High-level system view¶

flowchart TD
    User([User / CI Pipeline]) -->|chat or REST| API[FastAPI<br/>Agent REST + WebSocket]
    API --> Router[Router<br/>intent classifier]
    Router --> Planner[Planner<br/>tool selection]
    Planner --> Executor[Executor<br/>tool invocation]
    Executor --> Reflector{Reflector<br/>continue?}
    Reflector -->|loop| Planner
    Reflector -->|done| Responder[Responder<br/>format reply]
    Responder --> User

    Executor -.commits.-> GitOps[(infra-provisioning<br/>Git repository)]
    GitOps -.reconciles.-> Flux[Flux Controllers<br/>Kustomize + Helm]

    Flux --> NS[K8s Namespace<br/>via Kustomize]
    Flux --> CAPI[Cluster API<br/>CAPV / Metal3]
    Flux --> Job[Ansible Job<br/>bare-metal / VM]

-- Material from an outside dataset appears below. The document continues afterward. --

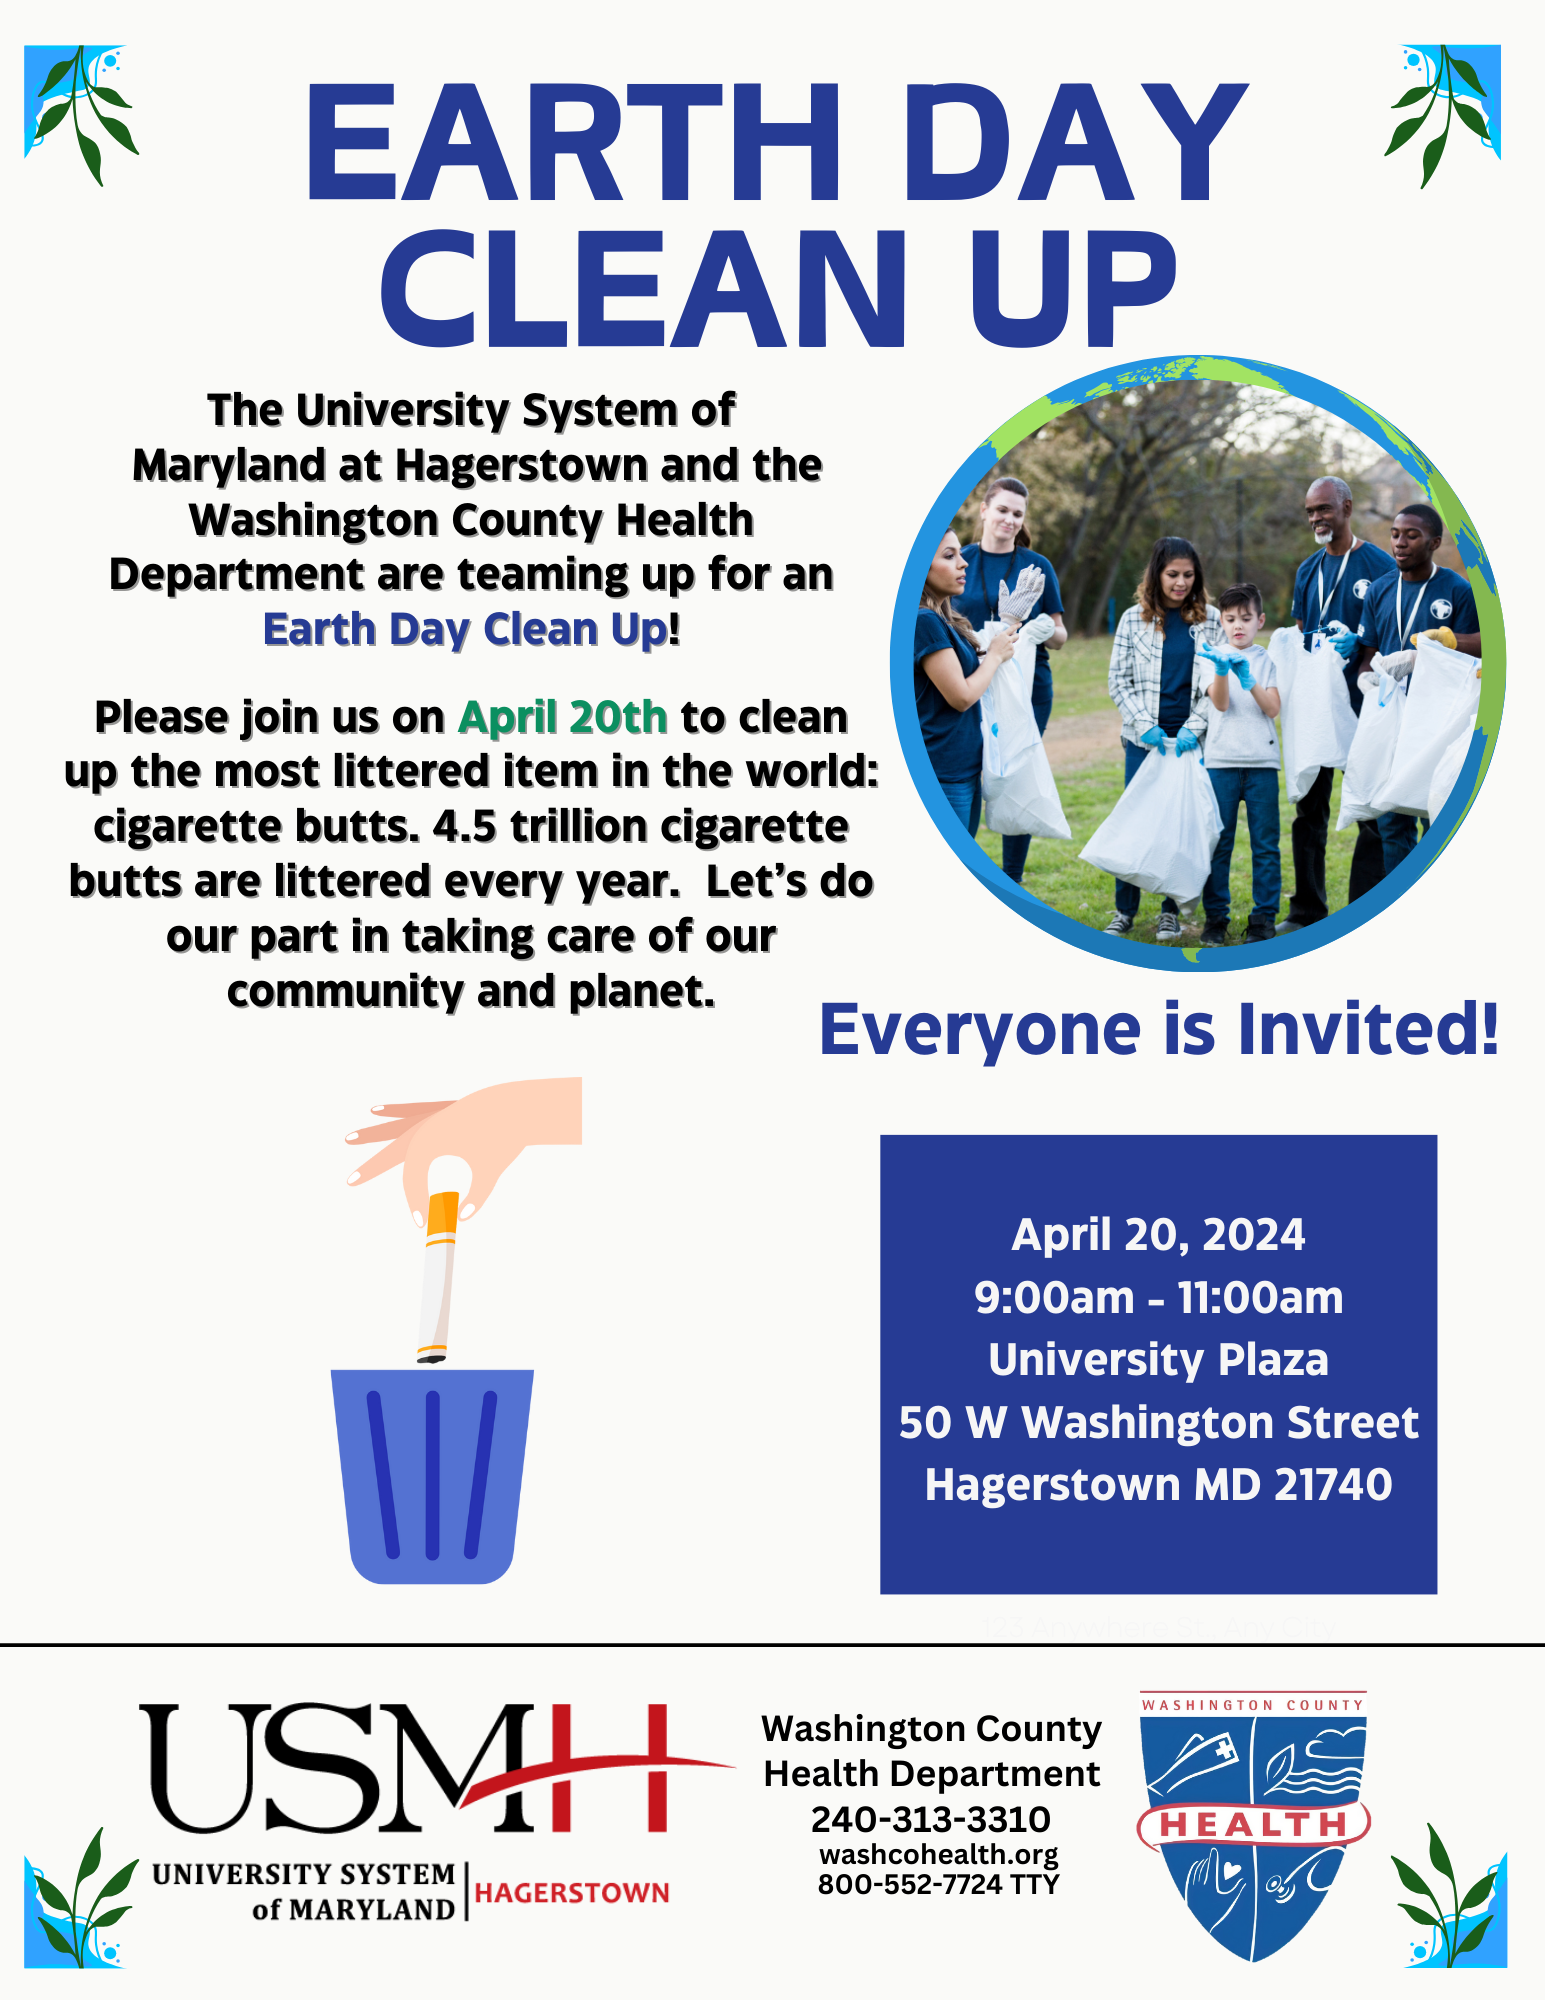 Image: Photo of a group of people wearing gloves and holding trash bags; illustration of a cigarette butt being dropped into a trashcan; USMH and WCHD logos. Text: Earth Day Clean Up. April 20, 9-11 a.m., University Plaza in Hagerstown. Join us to clean up the most littered item in the world: cigarette butts.

    Executor -.events.-> NATS[(NATS JetStream<br/>3 streams)]
    Executor -.state.-> PG[(PostgreSQL<br/>13-state machine)]
    Executor -.traces.-> LF[(LangFuse)]

    style API fill:#e3f2fd
    style GitOps fill:#fff3e0
    style PG fill:#f3e5f5

Four layers¶

1. Conversational layer (FastAPI + LangGraph)¶

The agent is a LangGraph state machine with five nodes:

Node	Responsibility
Router	Classify user intent (provision / release / extend / diagnose / query / chat). Fast keyword matcher with LLM fallback for ambiguous cases.
Planner	Decide which tools to invoke. Hybrid: deterministic for well-known intents, LLM-driven for free-form queries.
Executor	Run the tools. 30 total tools; only 19 are exposed to the LLM (the other 11 — GitOps writes, namespace deletion, secret encryption, NATS events — are reserved for the deterministic provisioner to prevent hallucinated infrastructure changes).
Reflector	Decide whether to loop back to planner or proceed to responder. Hard cap at 20 iterations.
Responder	Format the final response.

State is persisted to PostgreSQL via langgraph-checkpoint-postgres so a killed agent pod resumes mid-flight.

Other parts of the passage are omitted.